I have the focal chorus 814's front right and left only and not that impressed. I think maybe more power maybe needed. I have the running off my Martanz sr5006 anyone have any input on if these speakers need more power or any feed back on the Martanz sr5006 ? I am thinking about getting a Denon 3312ci instead. Do you think it will be better


----------



## Jon67 (Jul 8, 2008)

I've sold Focals speakers and listened to almost all of the lines including sessions at their factory in Southern France. They are great but not for everyone. All of their speakers are very efficient (814s included) and will rock with not much power as long as it's good power. Marantz isn't audiophile but should be a fine match for the Chours speakers.

If you are used to a boomier speaker focal isn't going to give you that. They are designed for smooth reproduction. I assume that you demoed the speakers somewhere before purchasing them? Do they sound different in your home then they did in the store.

A few things come to mind. Those towers should extend to 50Hz no problem in an average size room. Do you have the crossover set properly in you receiver? It could also be the placement in your room. Rather then hefting the speakers and around move your ears to different parts of the room, does the sound become more appealing in certain areas? If so it's your room and/or your speakers /seating placement not the speakers.
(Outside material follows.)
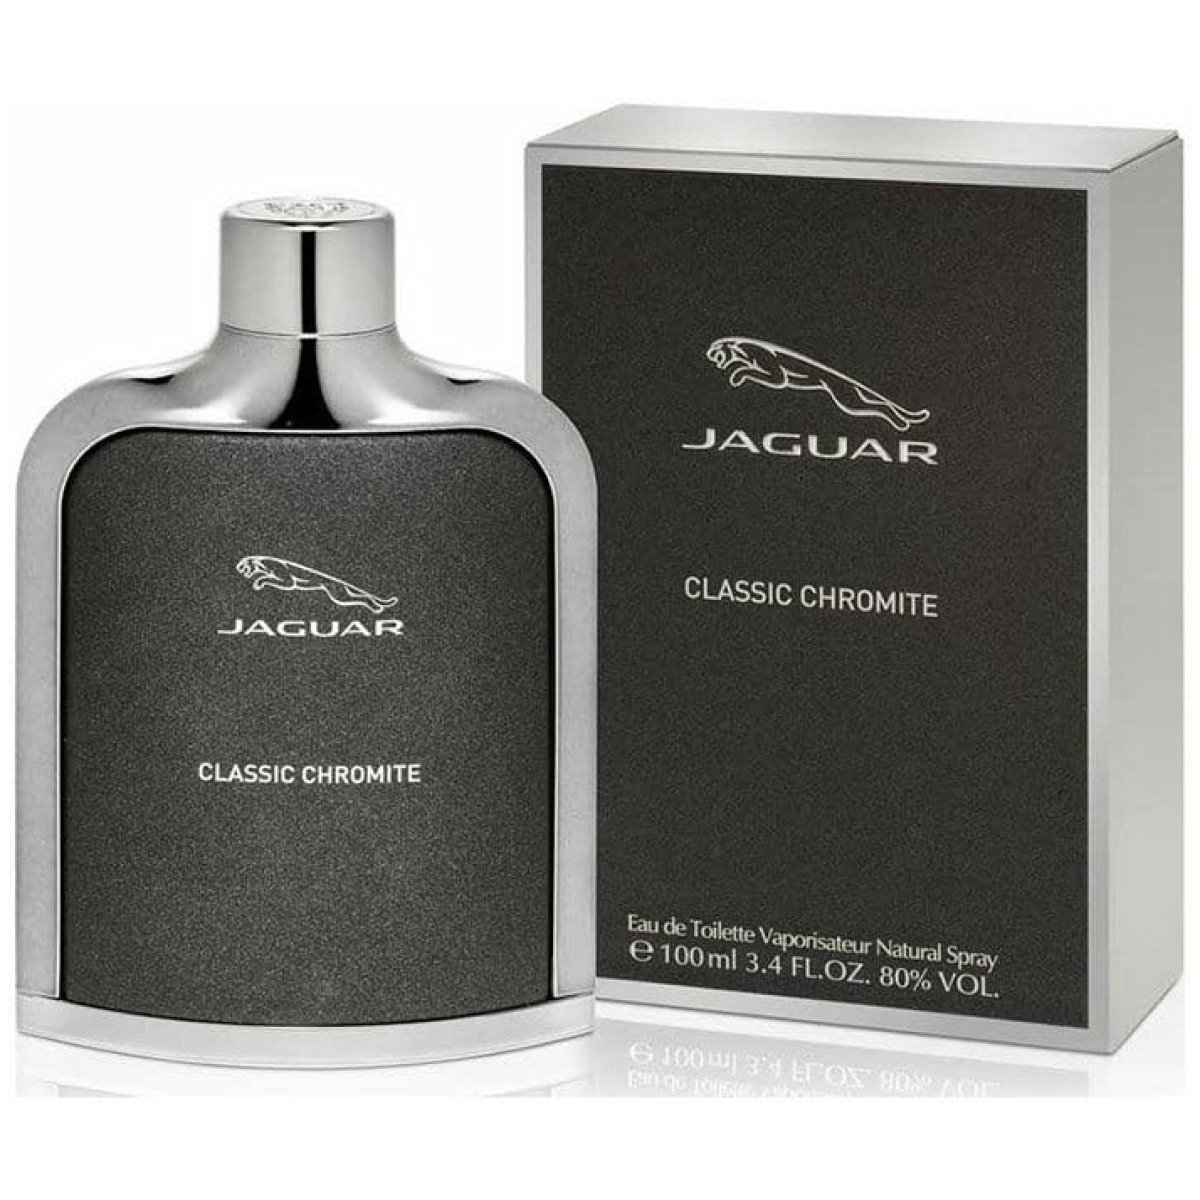 Jaguar Classic Chromite EDT Perfume For Men 100 ml

It is very unlikely to be a power issue, don't go trying to fix the speakers by replacing the receiver.

What is it that you don't like?


----------



## Kijek (Mar 11, 2013)

After playing with all the settings in the AVR I have it dialed in now and The FOCAL's are very smooth. I am very happy with the speakers and added the 800v center and it sounds great. The problem before was the settings in the MArantz sr5006, I did get the Denon 3312ci and no difference at the speaker really but I like the display menu through the tv better than the Marantz and the Marantz display on the front of the unit is ridiculous and small and worthless in my opinion. But The speakers are great and pretty much what I was looking for very responsive and smooth and have lots of volume and plenty of bass at higher volume. I think they will impress me more once I get a sub to handle the lows then those mid range notes I love should improve a little


----------



## Jon67 (Jul 8, 2008)

Glad to hear that you got it sorted. What setting was tripping you up in the AVR?


----------